**Work task**.
Repeat the listing verbatim. Drop any pictures.

**Available data**.
=== Begin Enclosure ===
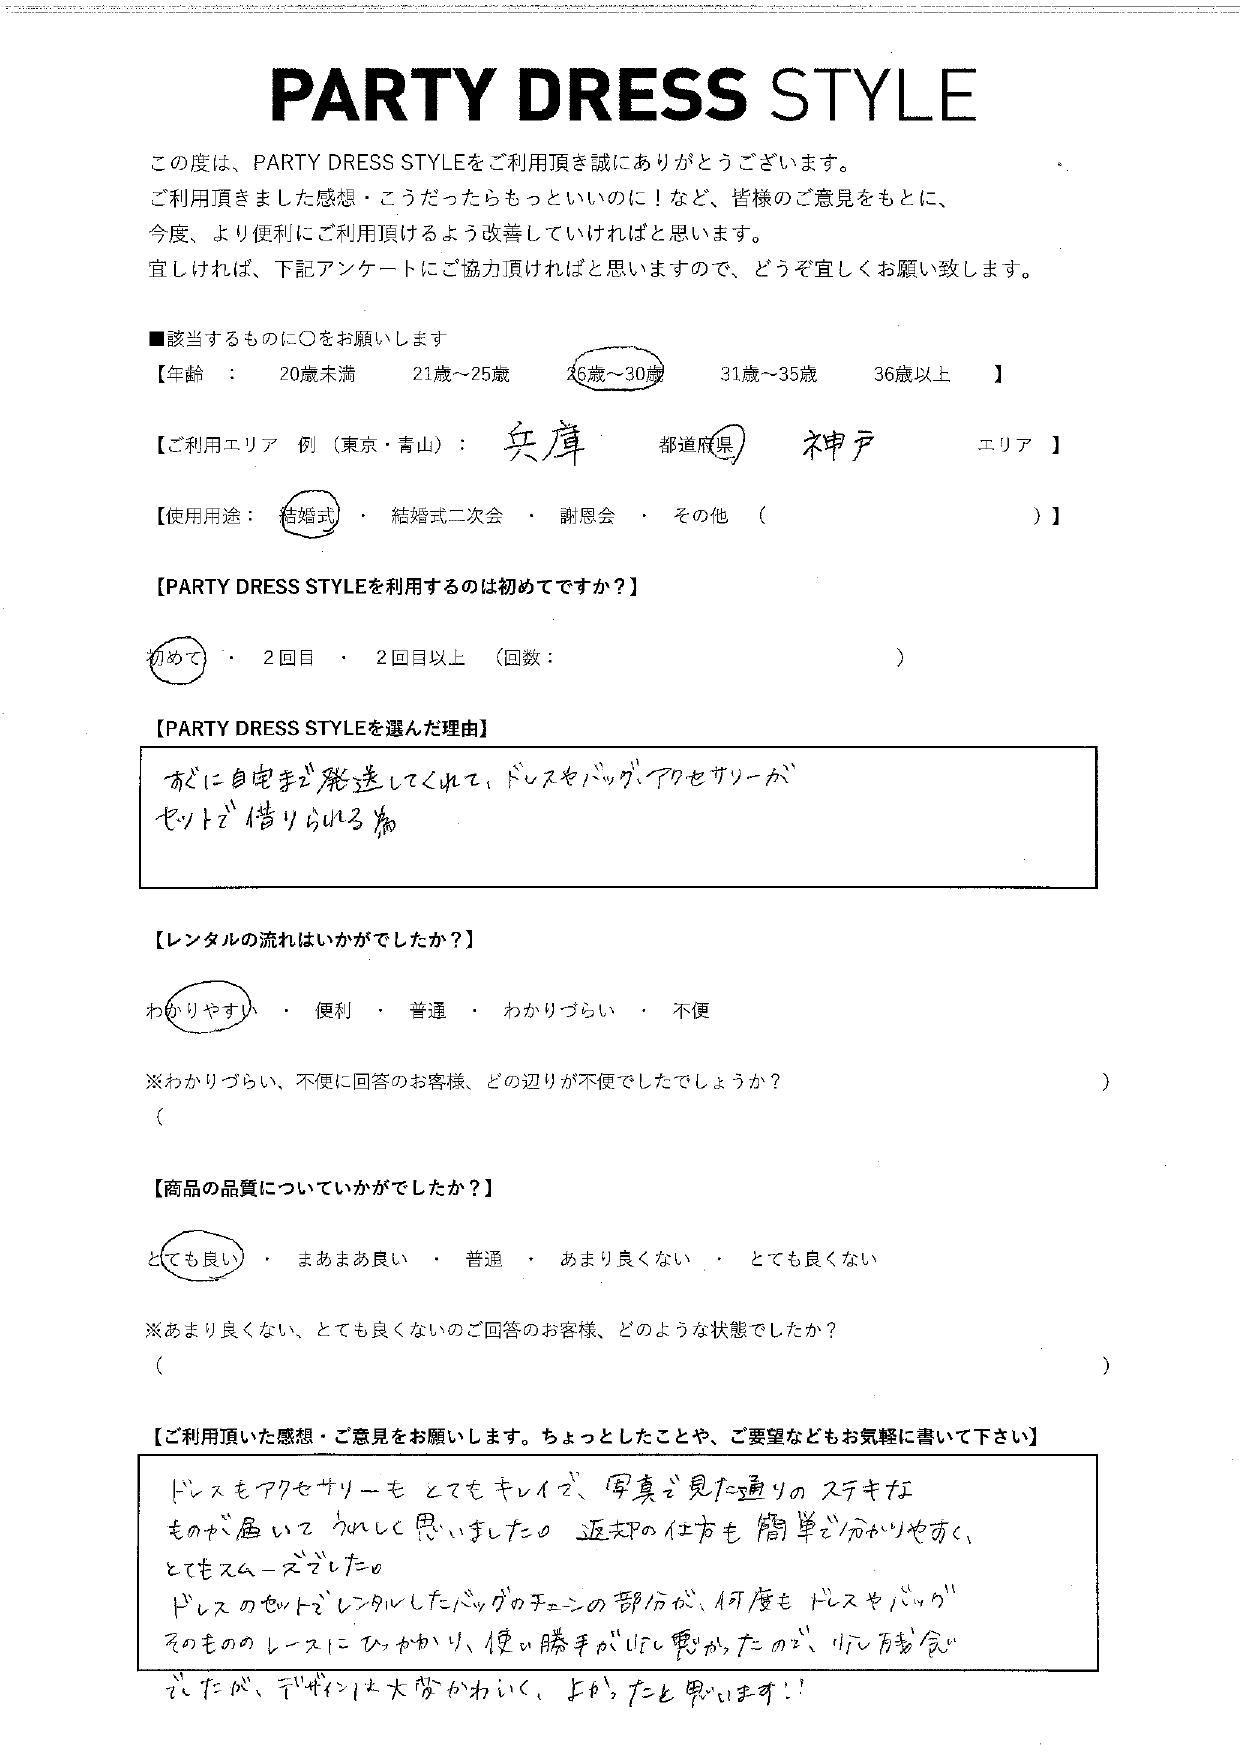 8/14結婚式ご利用 兵庫・神戸エリア
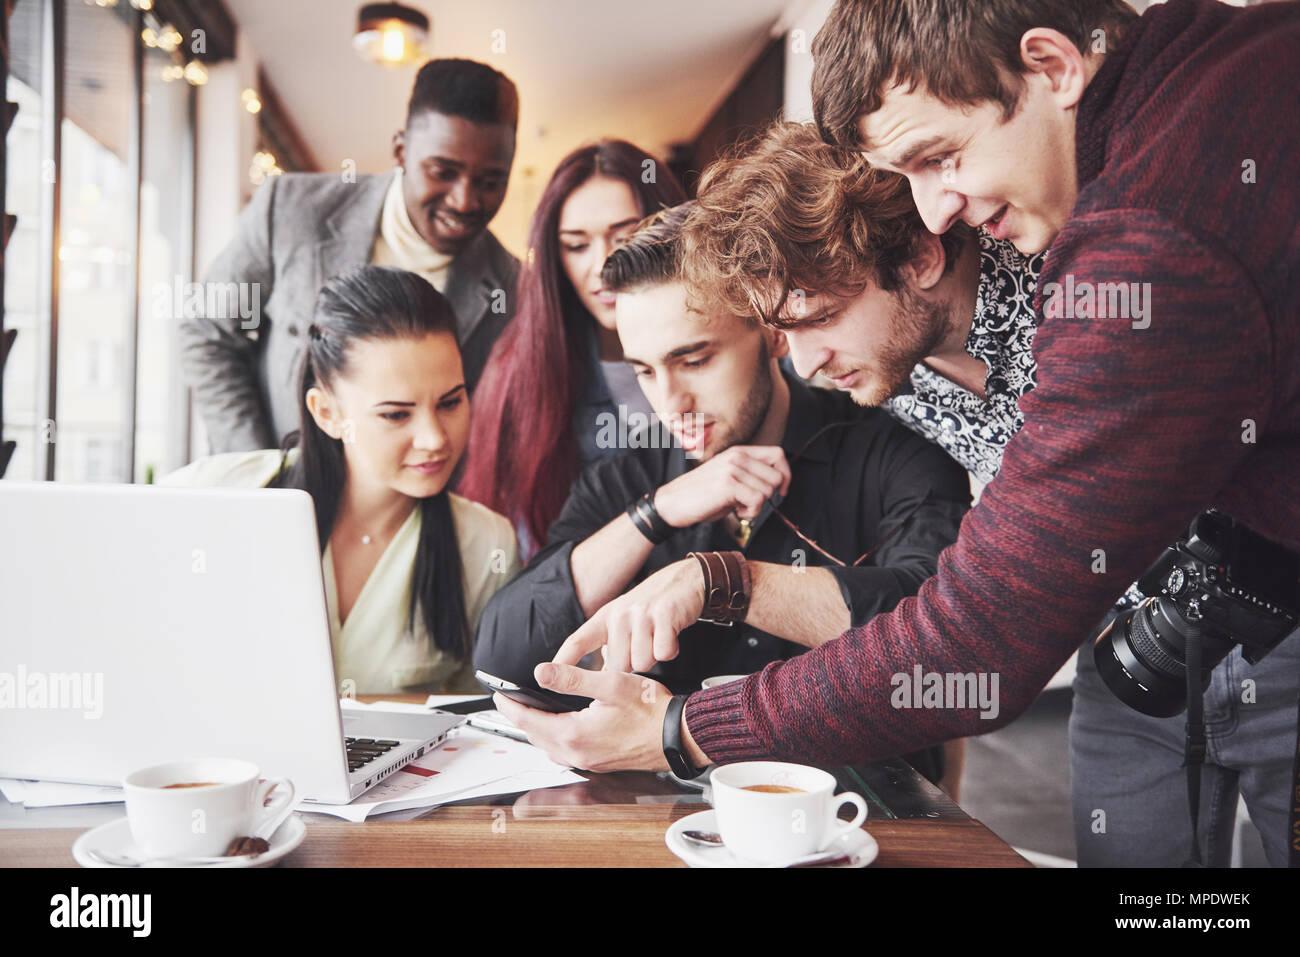 Ritratto di gruppo di allegro vecchi amici di comunicare gli uni con gli altri, amico in posa sul cafe, stile urbano di persone aventi il divertimento, concetti riguardanti la gioventù stare insieme allo stile di vita. Wifi connesso Immagini Stock
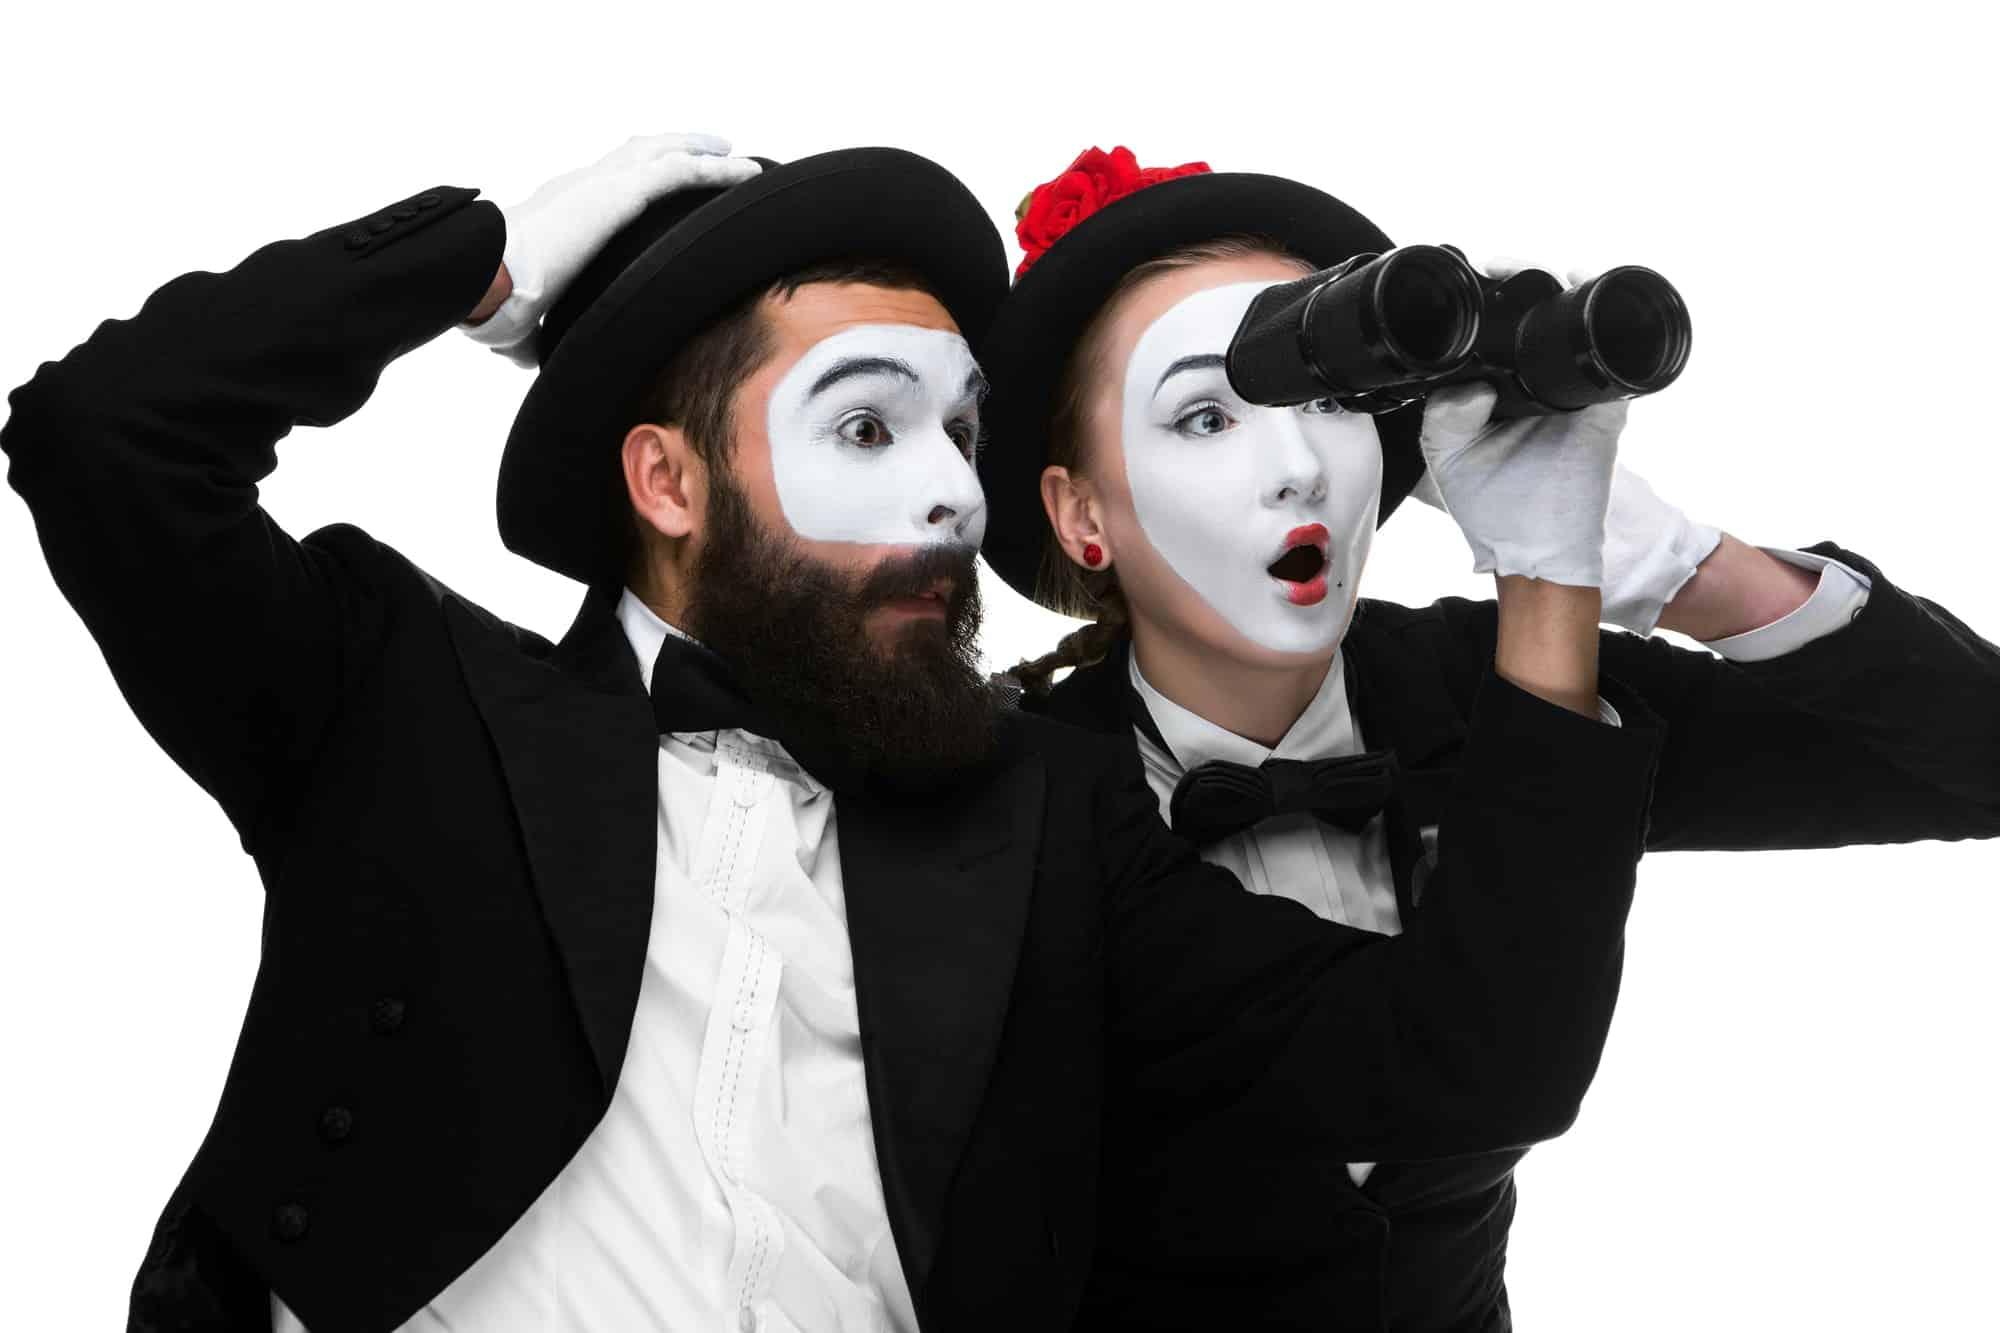 Two memes as business people looking through binoculars
=== End Enclosure ===
**Your response**.
 8/14結婚式ご利用 兵庫・神戸エリア
 Ritratto di gruppo di allegro vecchi amici di comunicare gli uni con gli altri, amico in posa sul cafe, stile urbano di persone aventi il divertimento, concetti riguardanti la gioventù stare insieme allo stile di vita. Wifi connesso Immagini Stock
 Two memes as business people looking through binoculars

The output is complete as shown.